One of the key parameters that can be manipulated to increase the osmotic outflow is membrane efficiency. The osmotic outflow increases with increasing membrane efficiency. In most conventional water-based fluids, the membrane efficiency is low. Therefore, even if the water activity of the drilling fluid is maintained significantly lower (with a high salt concentration) than the shale-water activity, the osmotic outflow may be negligible because of the low membrane efficiency.

As a result of extensive testing, three new generations of water-based drilling fluid systems with high membrane efficiencies (greater than 80%) have been developed, including a 12% NaCl system that generated a membrane efficiency of approximately 85%. Such systems hold promise for operations where OBFs and SBFs are unsuitable or prohibited because of drilling conditions and/or regulations.

Oil Based Drilling Fluids (Mud) Types

Normally, the high salinity water phase of an invert emulsion or SBF helps stabilize reactive shale and prevent swelling. However, drilling fluids formulated with diesel or synthetic-based oil and no water phase are used to drill long shale intervals where the salinity of the formation water is highly variable. By eliminating the water phase altogether, the all-oil drilling fluid preserves shale stability throughout the interval. These drilling fluid systems are commonly used in eastern Venezuela to drill the Caripita shale, which may be up to 10,000 ft thick.

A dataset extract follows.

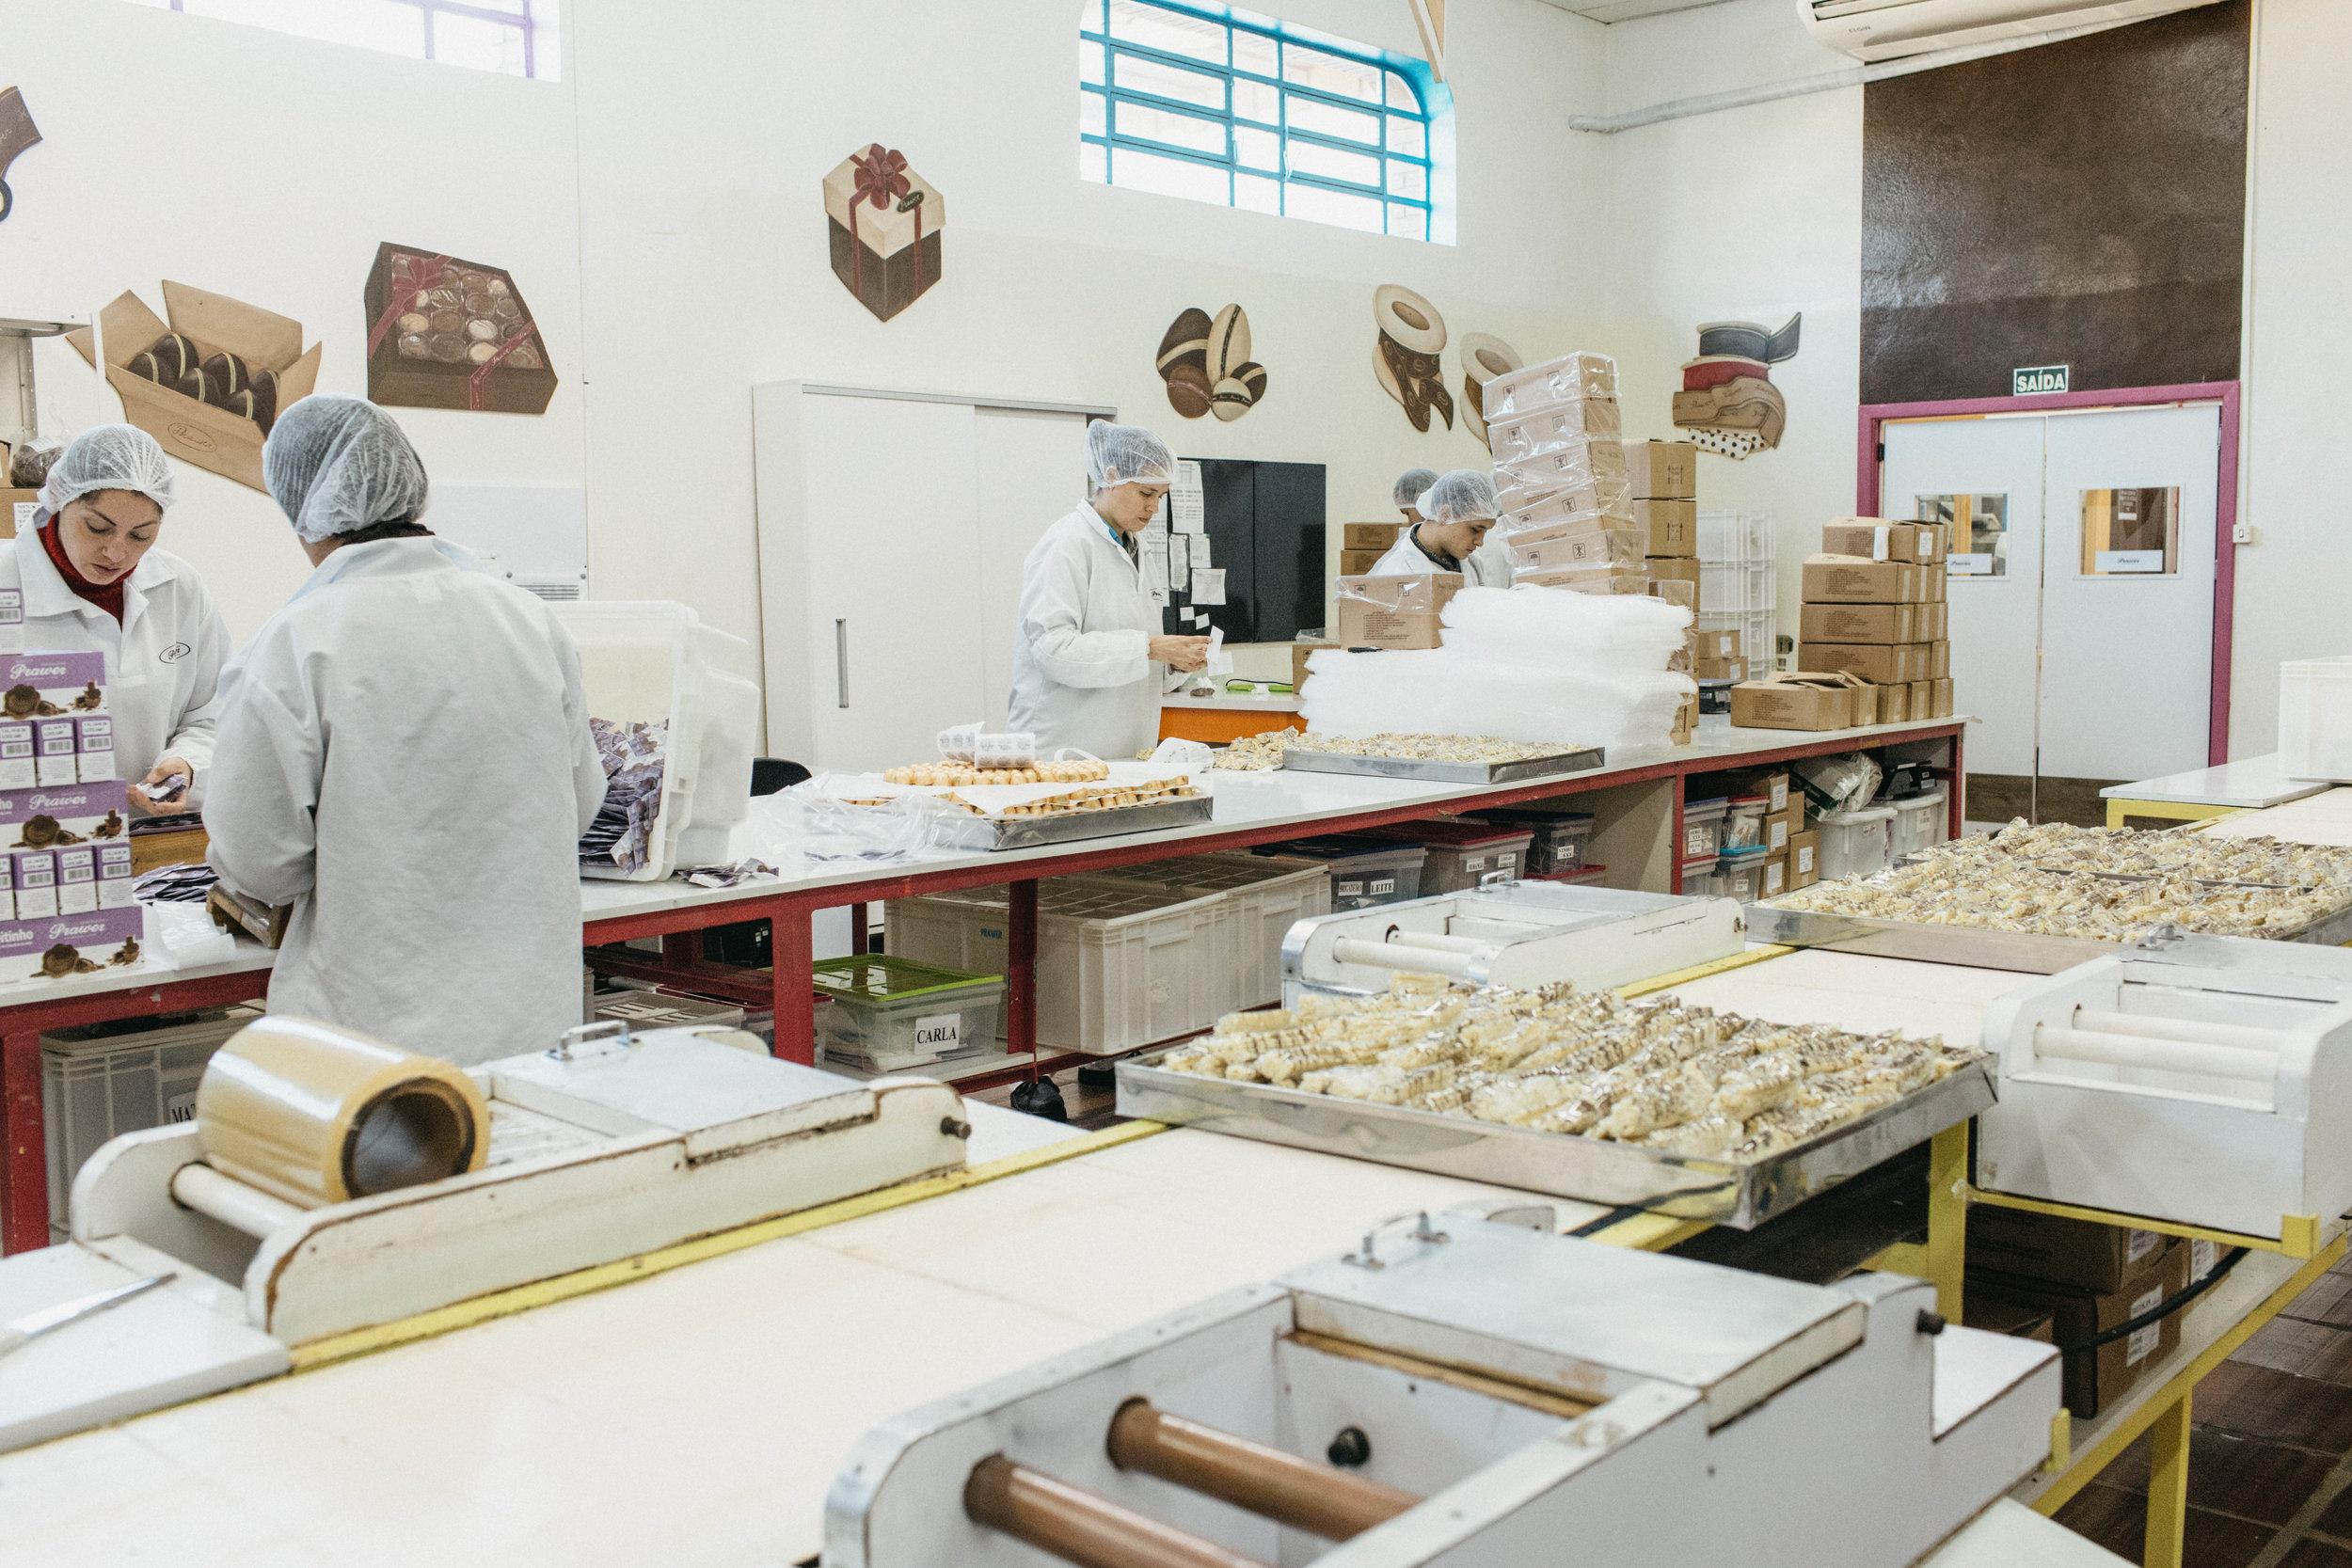 fabrica chocolate prawer artesanal gramado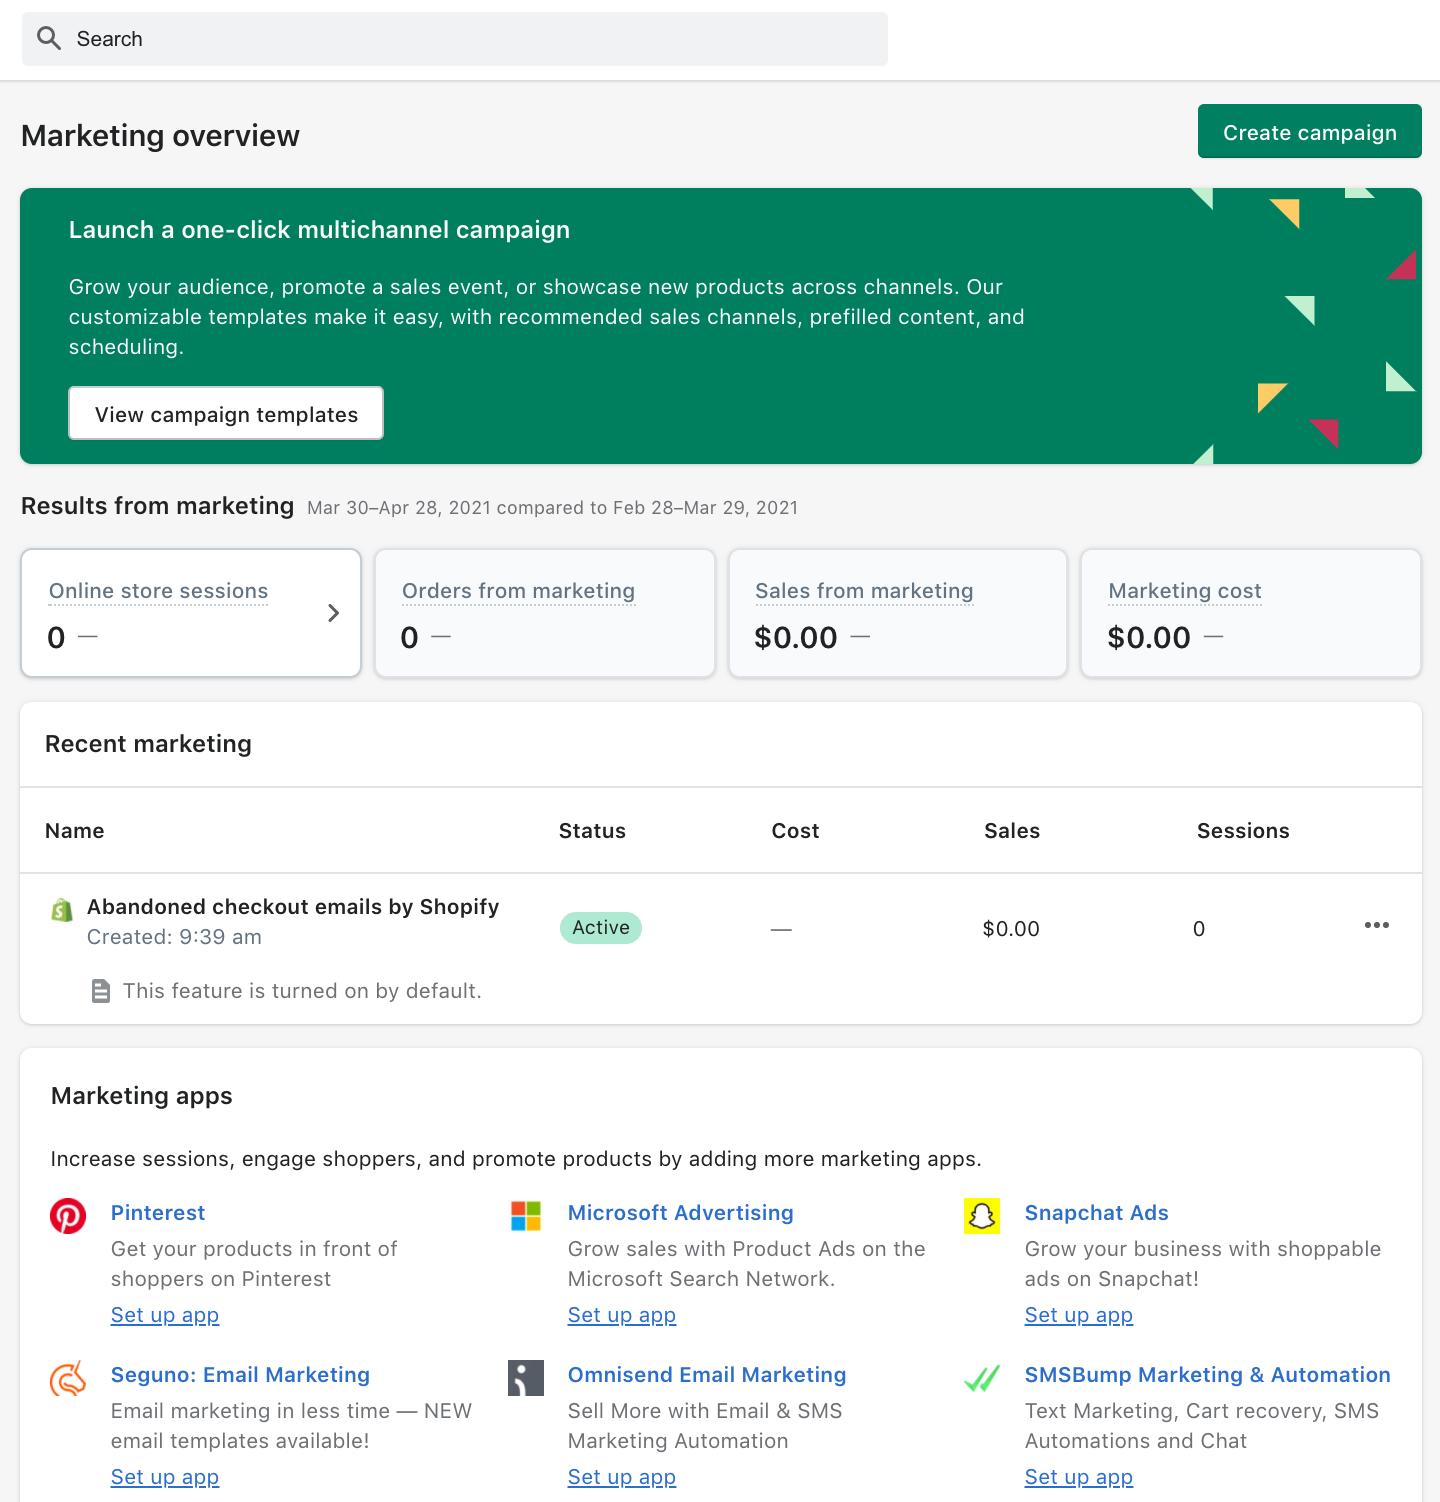 Using Shopify's Marketing Tools

The current base oils in use are:

• Paraffin (alkanes). These oils have carbon-hydrogen single bonds and are either linear (normal), branched (iso), or cyclic (ring) with carbon chain link of C10 to C22.
• Olephins (alkenes). These oils have carbon-hydrogen double bonds, either alpha olephins with the double bond between the number 1 and number 2 carbon or internal olephins with the double bond moved internally and carbon chain lengths of C15 to C18.
• Esters. These oils are modified vegetable oils, primarily from palm oil.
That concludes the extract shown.